■ Work to complete ■
After locating the line that holds "Photos gratuites de", copy that line and all that follow it word for word through the end of the data, with no pictures.

■ Data excerpt ■

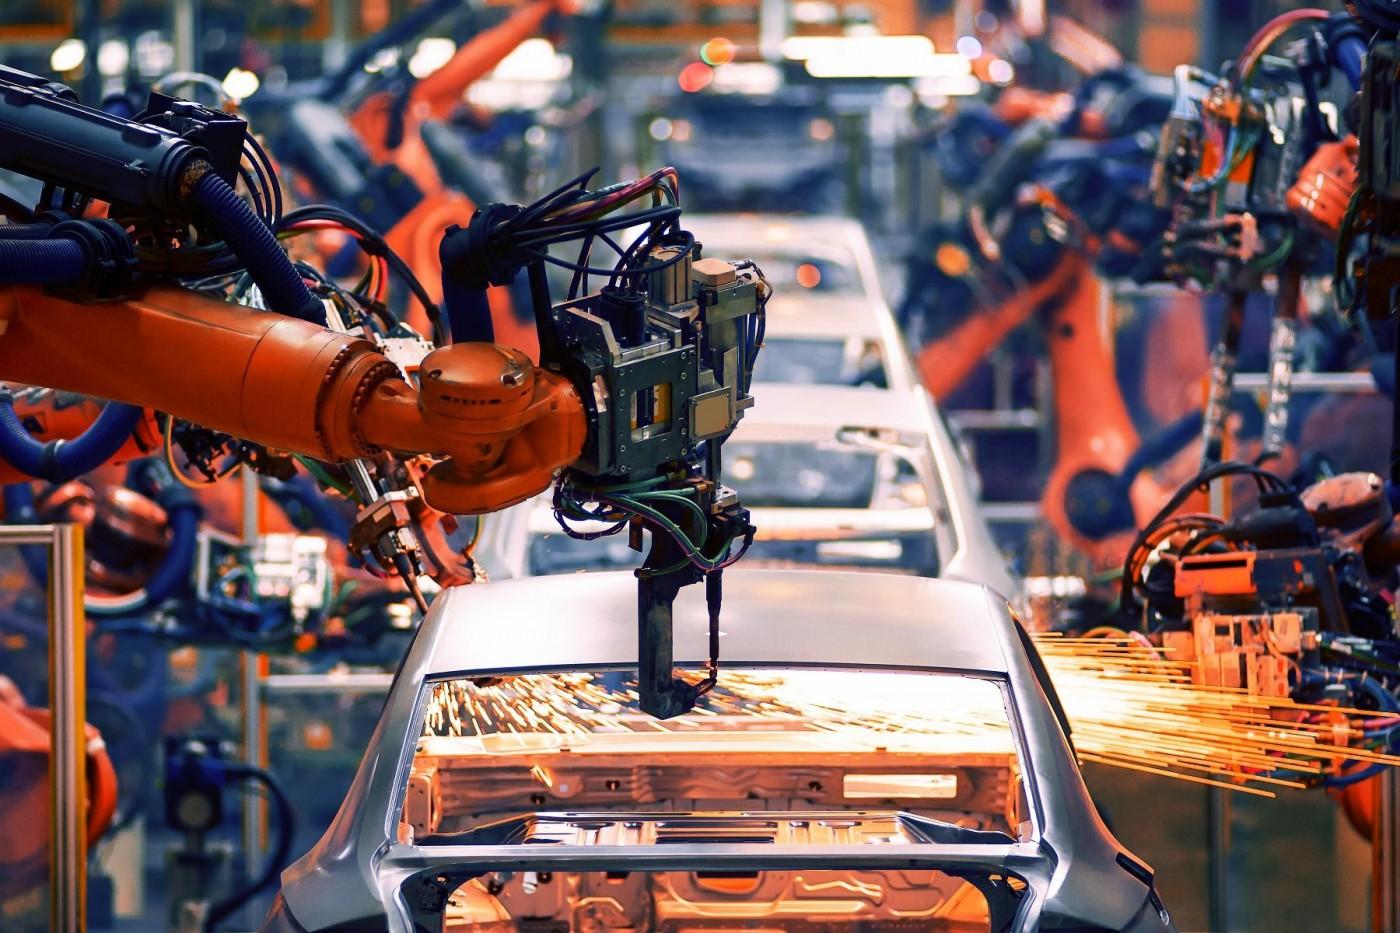 減產上看170萬輛!一個湖北封省,如何擾亂全球汽車供應鏈?
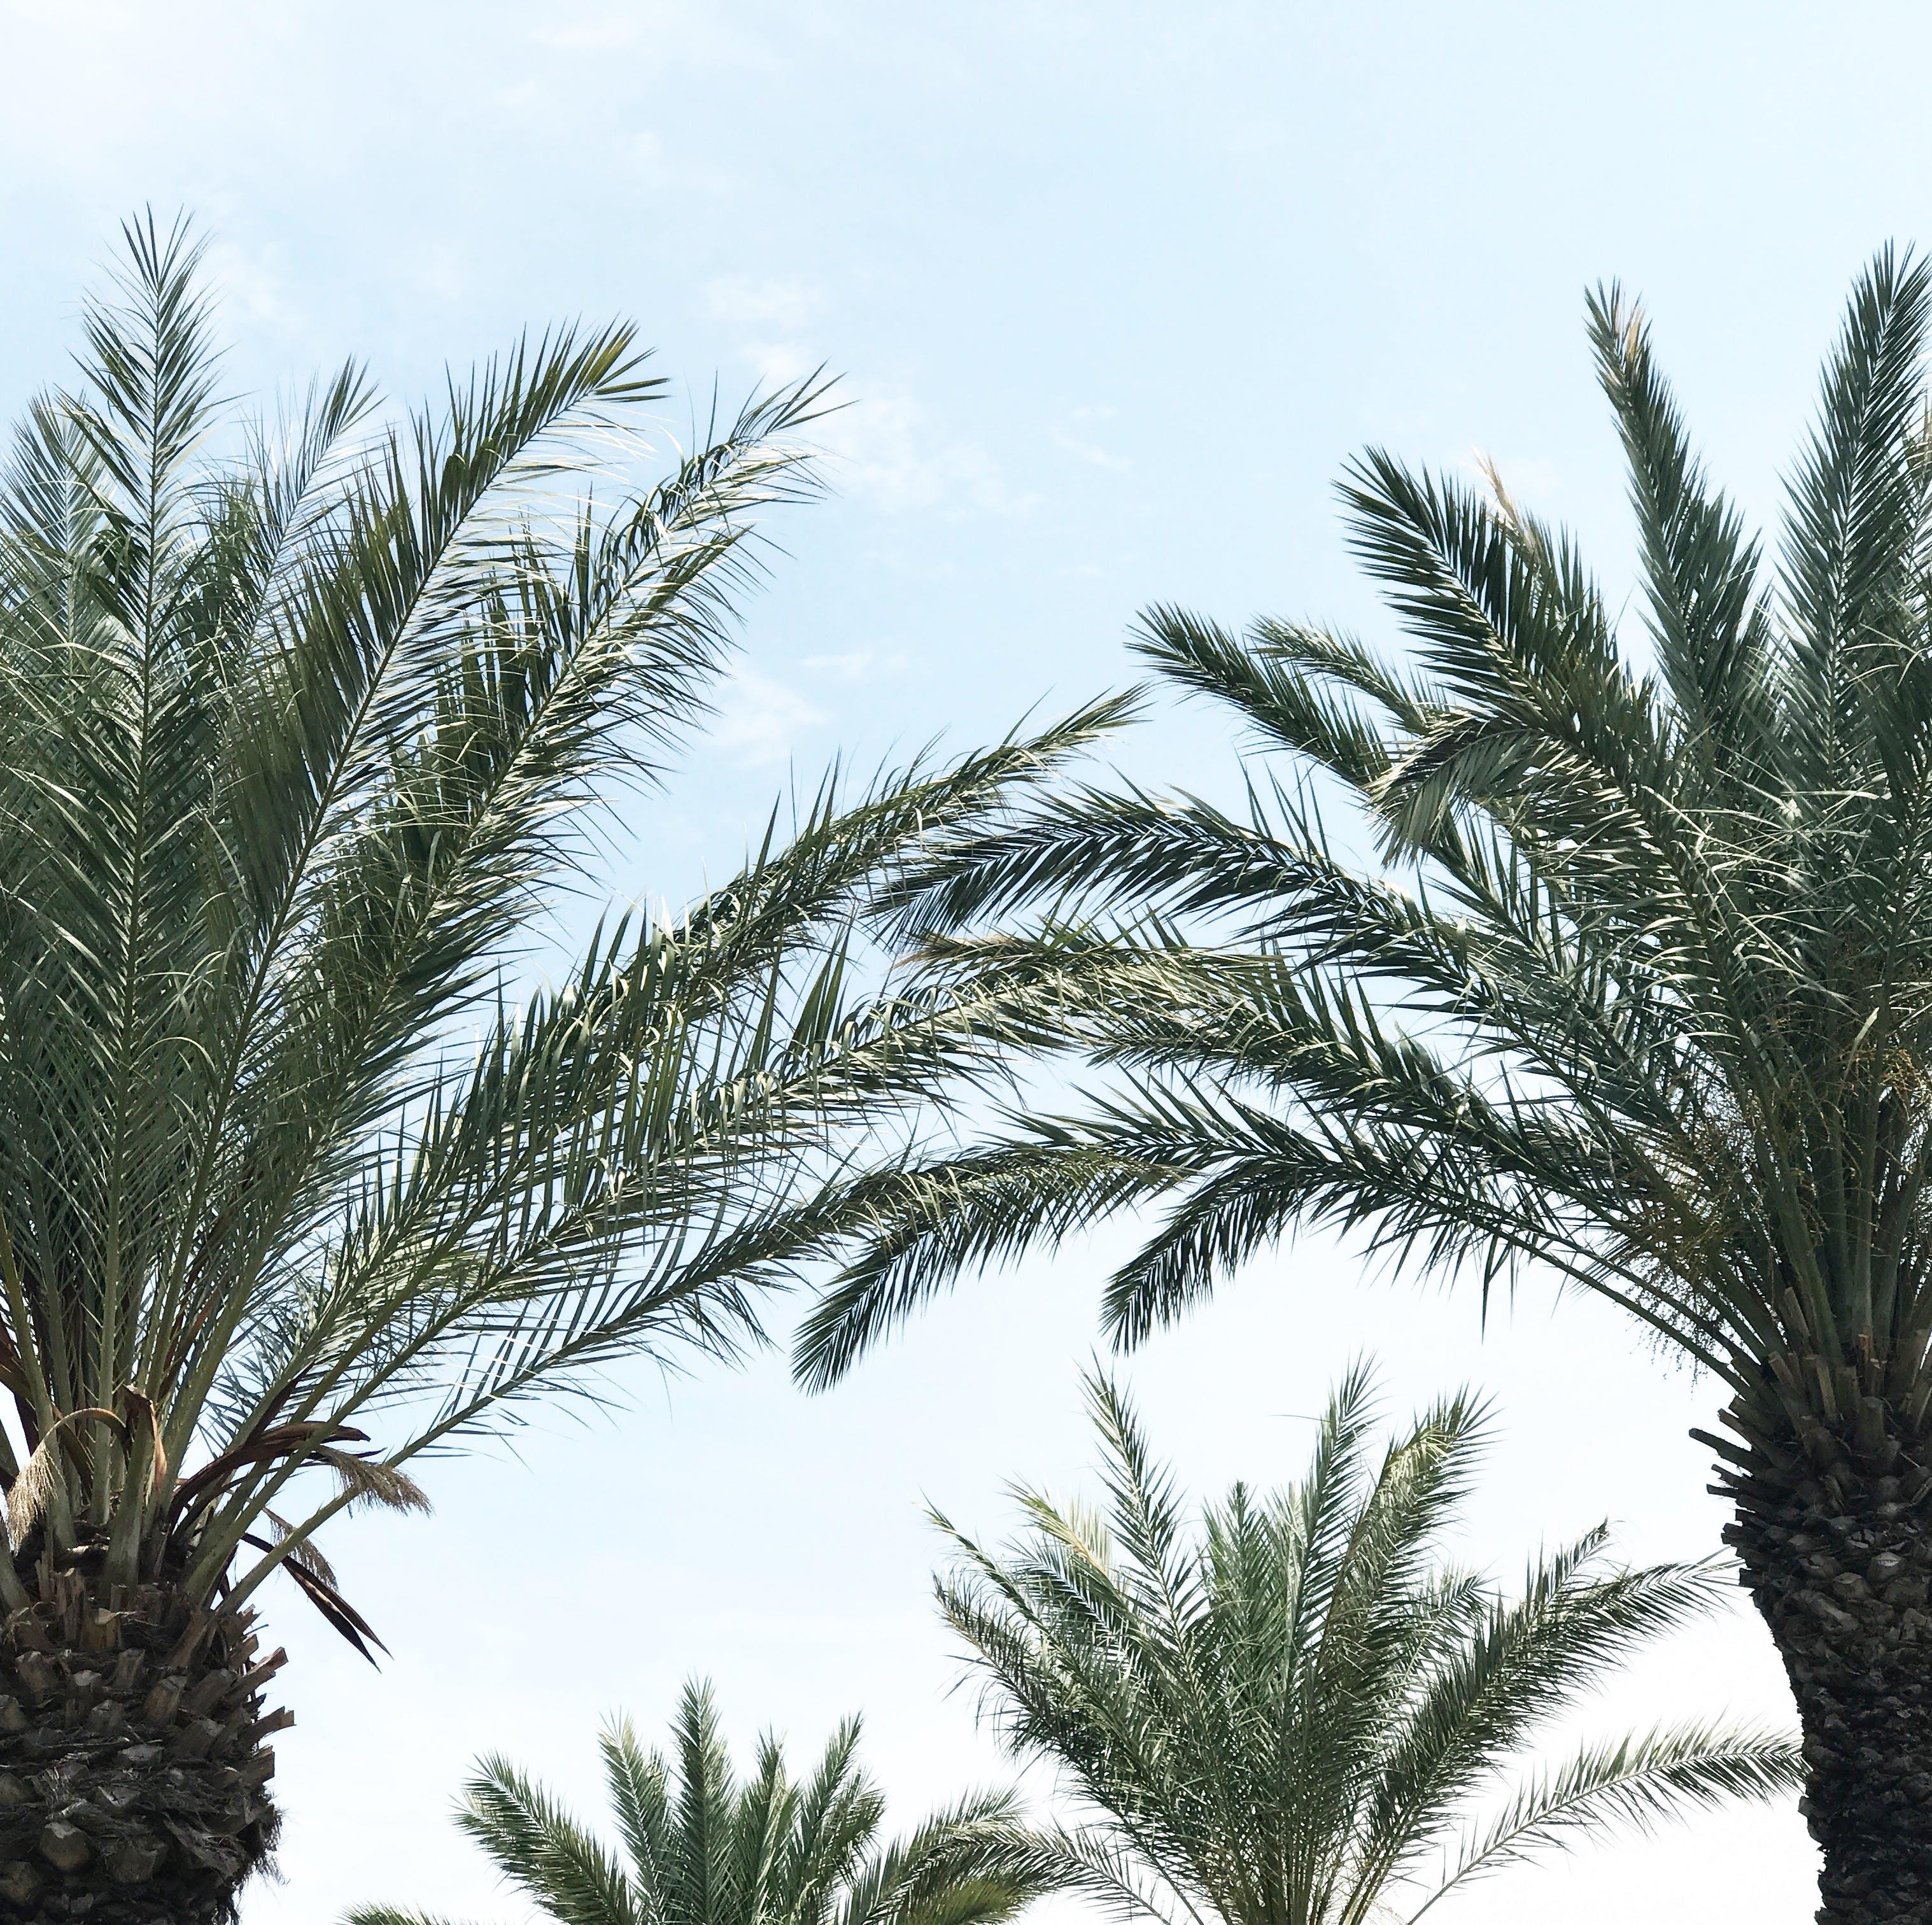 Photos gratuites de arbres, ciel, feuilles de palmier, palmiers
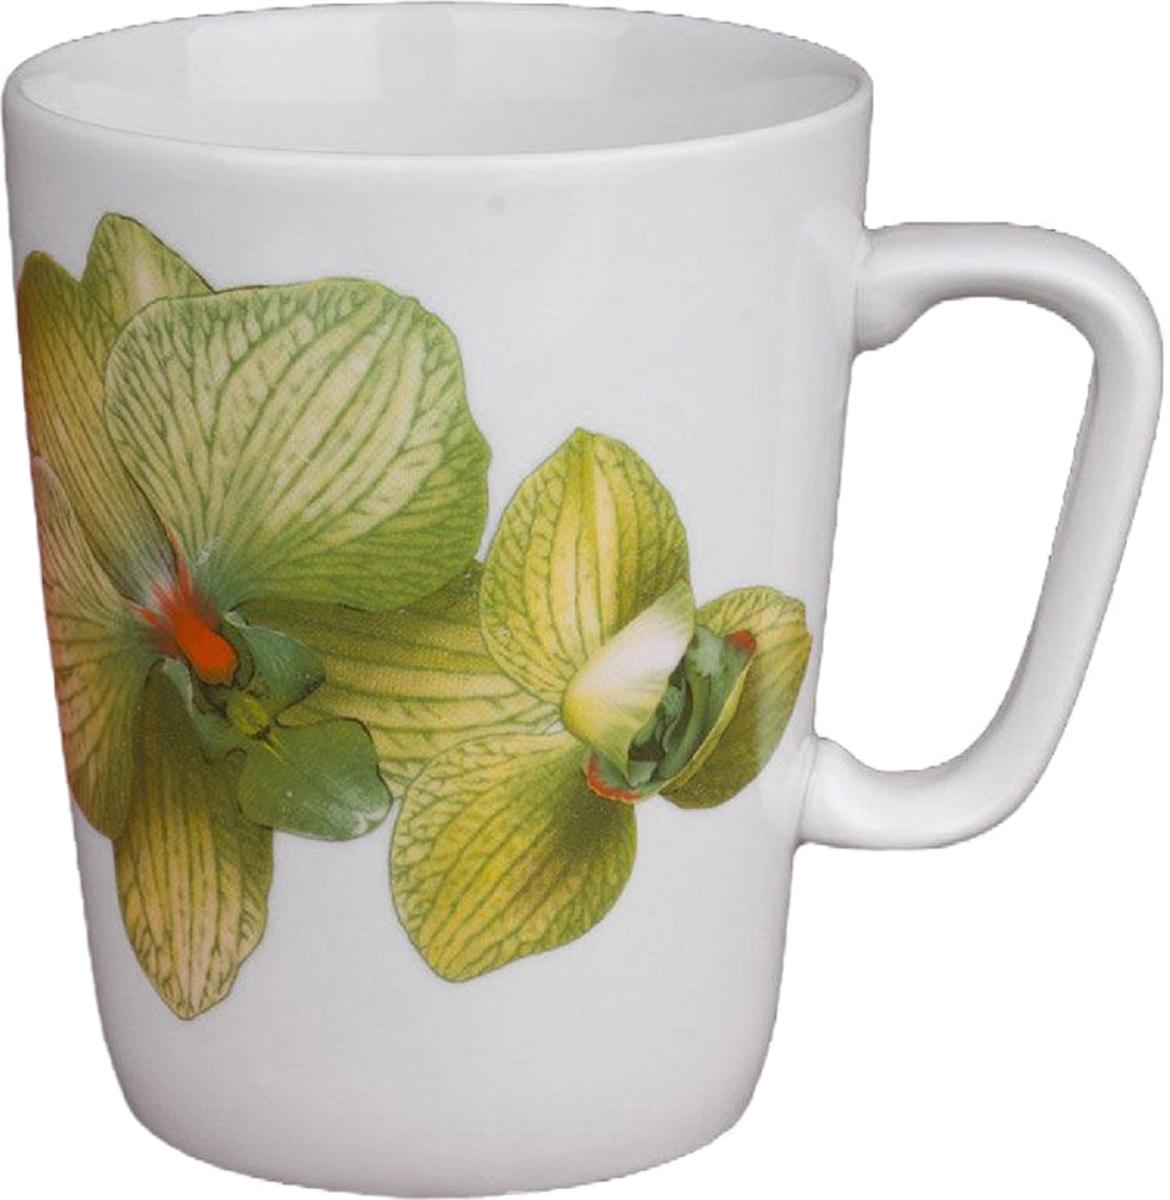 Кружка Дулевский Фарфор Конус. Орхидея, цвет: зеленый, 350 мл кружка мини сувенирная 20мл фарфор

■ Exercise output ■
 Photos gratuites de arbres, ciel, feuilles de palmier, palmiers
 Кружка Дулевский Фарфор Конус. Орхидея, цвет: зеленый, 350 мл кружка мини сувенирная 20мл фарфор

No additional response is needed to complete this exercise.